One of the assumptions required in Ordinary Least Squares (OLS) linear regression is that the variance of the residuals is constant. This assumption is often referred to as the homoscedasticity assumption. Some researchers are more familiar with the term heteroscedasticity test.
The expected result of the heteroscedasticity test is that there is no heteroscedasticity problem. Heteroscedasticity occurs if the variance of the residuals is not constant or if the variance of the residuals differs.
Furthermore, constant residual variance (homoscedasticity) is an expected assumption that needs to be fulfilled by researchers who analyze data, both cross-sectional and time-series data using OLS method. Therefore, it is necessary to perform a non-heteroscedasticity assumption test.
There are several methods that can be used to determine whether the residual variance is constant or not, and one of them is the Breusch-Pagan test using R Studio. This is part 3 of the tutorial discussing how to test heteroscedasticity and its interpretation in R.
Formulating the Heteroscedasticity Test Hypotheses
To test whether the residual variance is constant or not, researchers can formulate their statistical hypotheses. Statistical hypotheses can be formulated into null hypotheses and alternative hypotheses.
The statistical hypotheses and their acceptance criteria for the heteroscedasticity test in R can be formulated as follows:
Ho: p-value >0.05 = Homoscedasticity (constant residual variance)
Ha: p-value <0.05 = Heteroscedasticity (non-constant residual variance)
Sample Data for Heteroscedasticity Test
As practice material to understand how to test heteroscedasticity, I have prepared sample data for multiple linear regression. The purpose of the research is to determine the effect of costs and marketing on sales.

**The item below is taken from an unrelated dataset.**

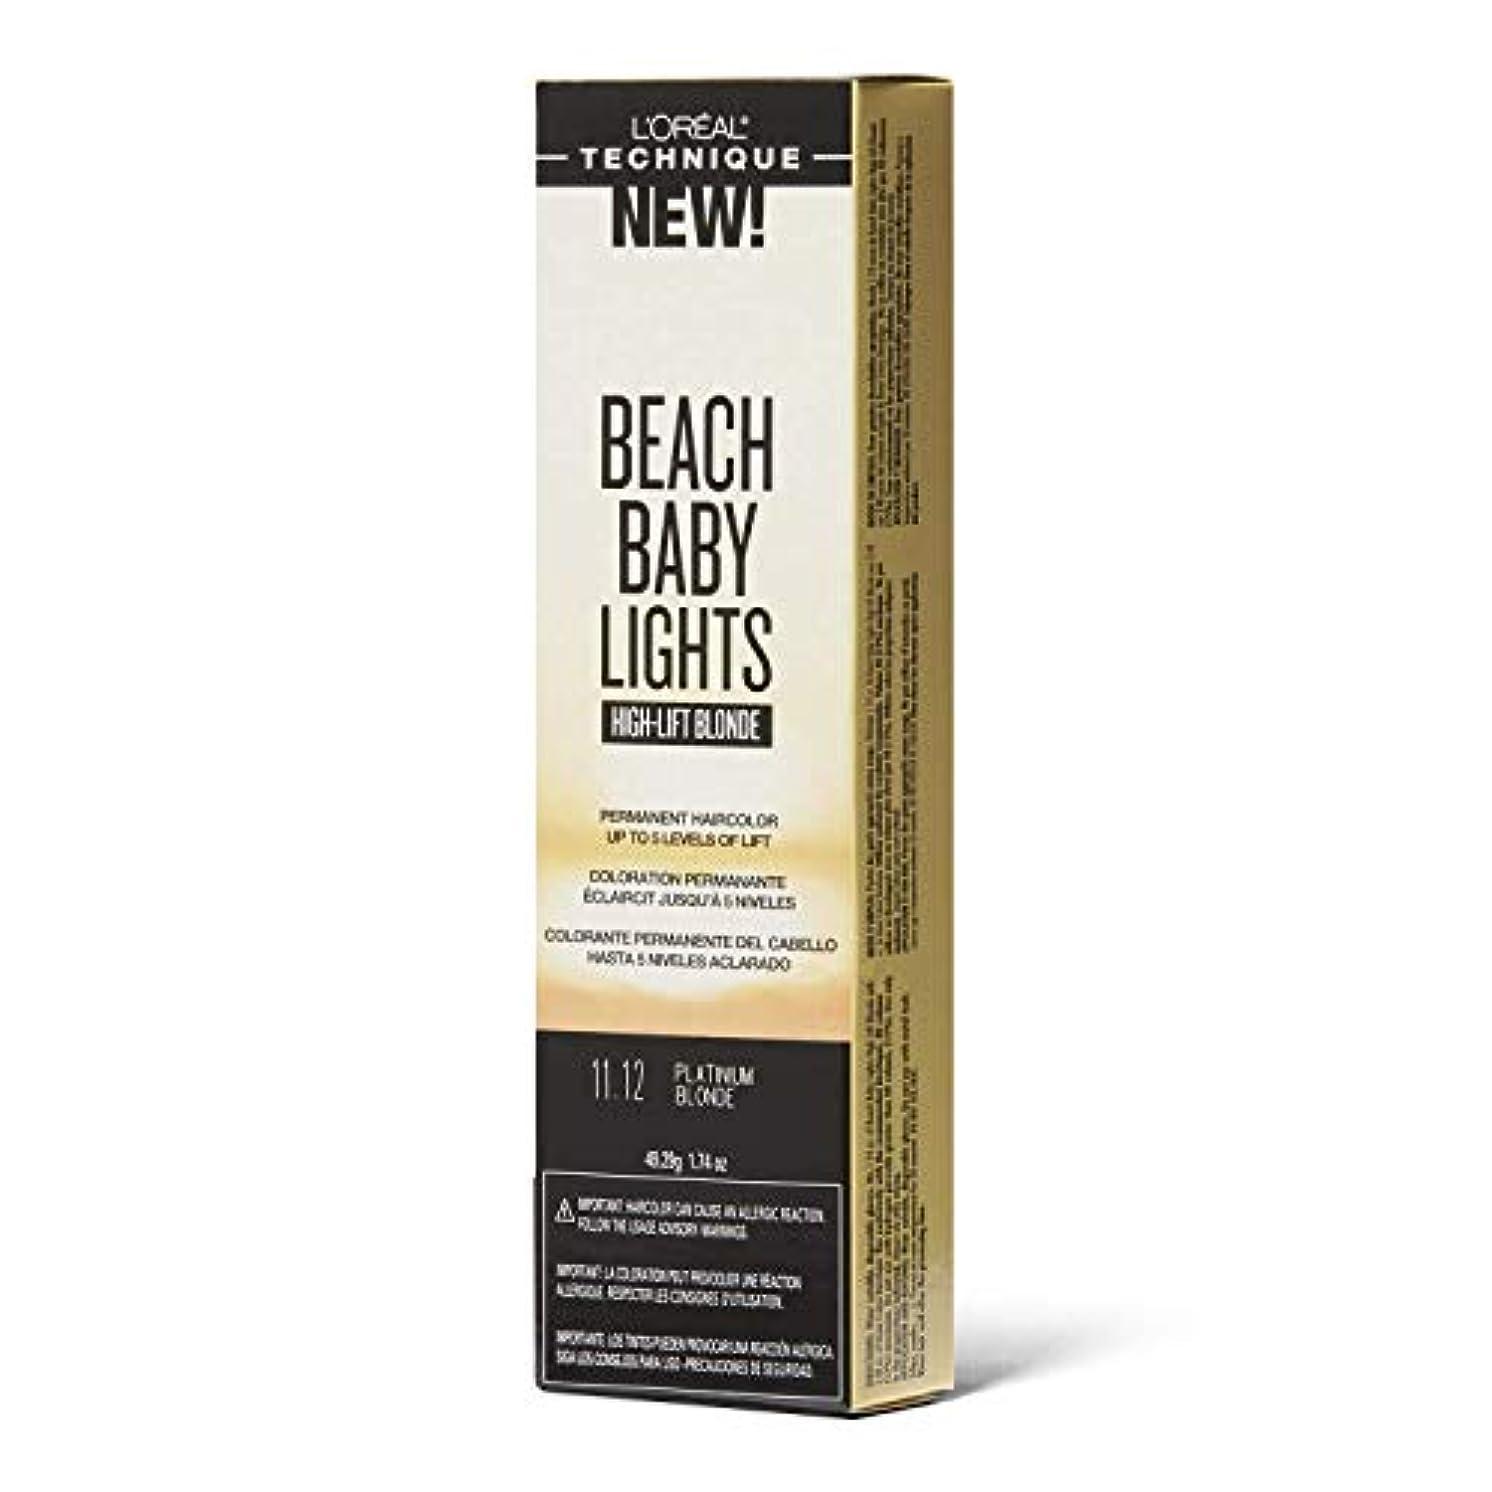 側偶然のグレーL'Oreal Paris L'Orealのビーチ赤ちゃんライトハイリフトプラチナブロンド11.12プラチナブロンド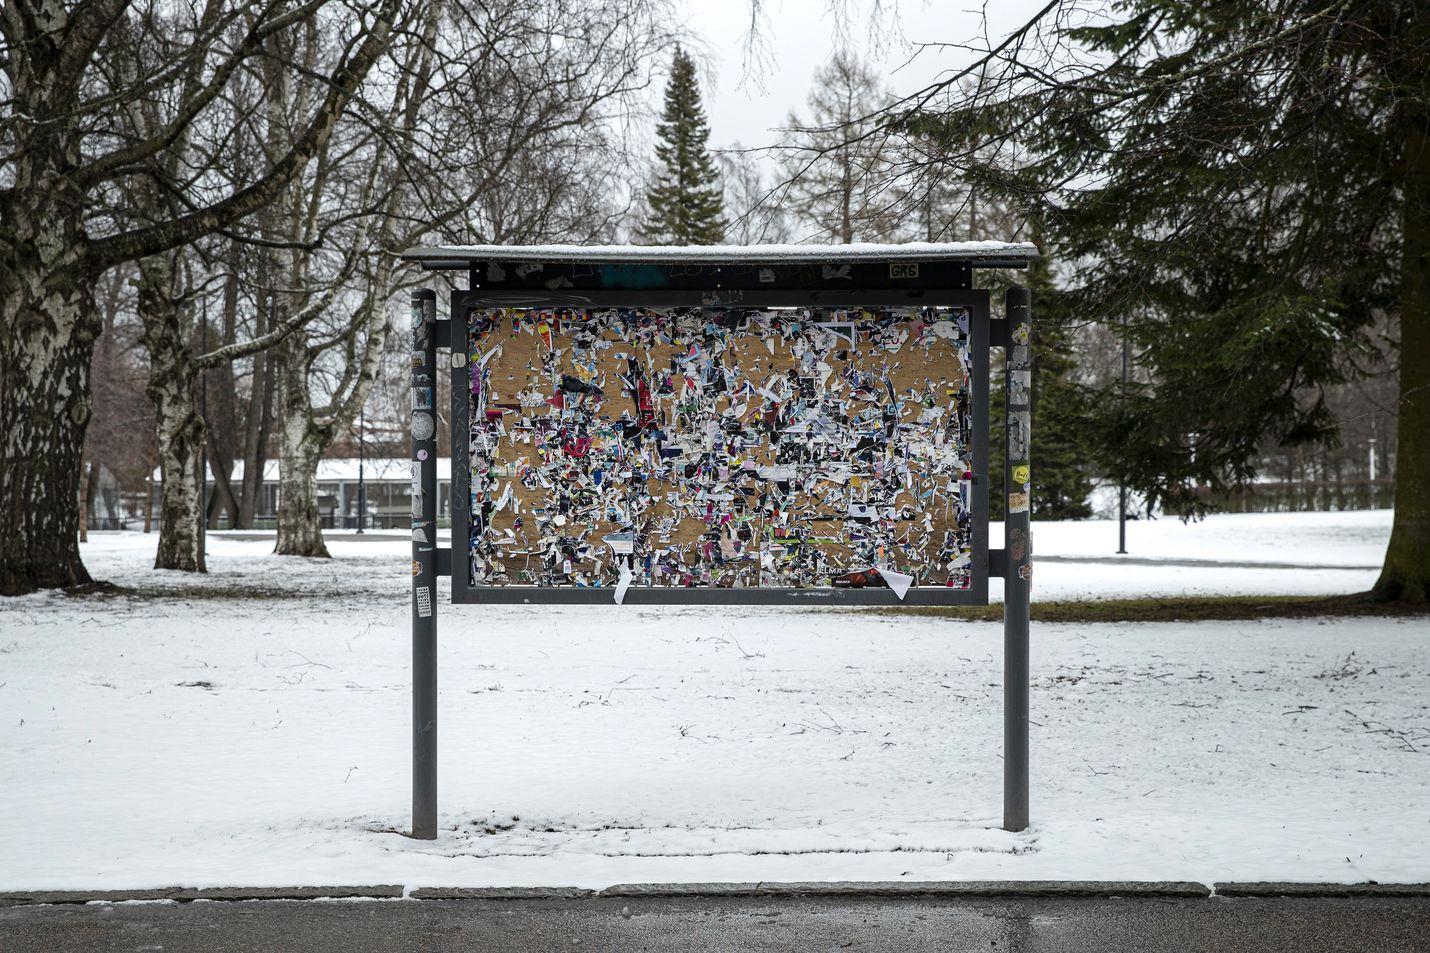 Koronakriisi pisti tapahtumille lopun maaliskuun puolivälissä. 15. huhtikuuta otetussa kuvassa näkyy, kuinka Tampereen Sorsapuiston ilmoitustaulu oli tyhjennetty tapahtumajulisteista.

Therefore, costs and marketing are used as independent variables, and sales are used as the dependent variable. The data collected by the researcher can be seen in detail in the table below:
Importing Data from Excel to R Application
Importing data in R is done by clicking on the file, then from the various options available, click on import dataset. Since I have saved the data using Excel, choose from Excel.

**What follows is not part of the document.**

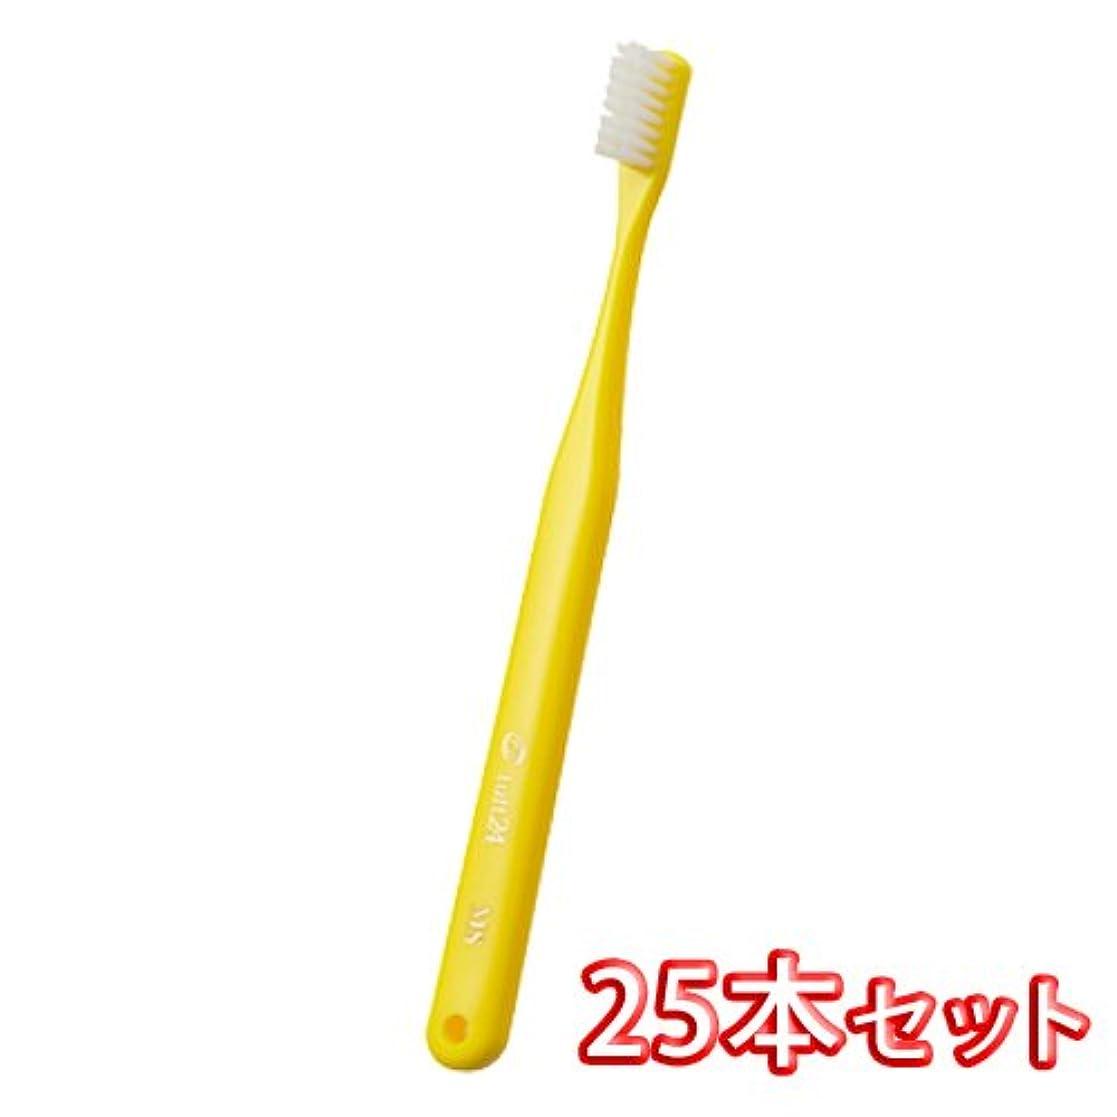 オーラルケア キャップ付き タフト 24 歯ブラシ エクストラスーパーソフト 25本 (イエロー)

The next step is for the researcher to browse the location where the Excel file is saved. Next, a preview of the data inputted in Excel will appear, then click import. If these steps have been done correctly and systematically, a preview of the imported data from Excel will appear in R Studio.
For researchers who want to learn how to test multiple linear regression and multicollinearity in OLS linear regression method, they can read the previous articles titled:
1. “Multiple linear regression analysis and interpretation in R (Part 1)”
2. “How to Analyze Multicollinearity in Linear Regression and its Interpretation in R (Part 2)“
The syntax for Testing Heteroscedasticity in R
To test for heteroscedasticity in R, researchers need to perform multiple linear regression analyses in R first. The first step that can be taken by researchers is to type the syntax for multiple linear regression analysis.
Syntax “Sales ~ Cost + Marketing” should be adjusted based on the number of variables used. Please pay attention to the capital and small letters of the variable label, type them exactly as they appear in the preview in R Studio.
Next, in the syntax “data = Multiple_Linear_Regression”, the data source used is specified. Please write it exactly as the file name used when importing data.
After pressing enter, the next step is to type “library(lmtest)”. Then type the syntax “bptest(model)”. This syntax is intended to display the results of the Breusch-Pagan test.
In detail, the syntax for testing heteroscedasticity and the output of the Breusch-Pagan test can be seen in the figure below:
Interpretation of Heteroscedasticity Test Output in R
The output of the Breusch-Pagan heteroscedasticity test in R is the same as other analysis tools. Based on the figure above, it can be seen that the Breusch-Pagan value was 1.3924.
Based on the output, the p-value was 0.4985. Then the acceptance criteria for the hypothesis are as follows:
Ho: p-value >0.05 = Homoscedasticity (constant residual variance)
Ha: p-value <0.05 = Heteroscedasticity (non-constant residual variance)
Based on the acceptance criteria, the p-value is greater than 0.05, so the null hypothesis is accepted. Since the null hypothesis is accepted, it can be concluded that the residual variance is constant (homoscedasticity).
Therefore, the regression equation fulfilled one of the assumptions of the OLS linear regression method, which is constant residual variance. This concludes part 3 of this article, and the next part will be available soon.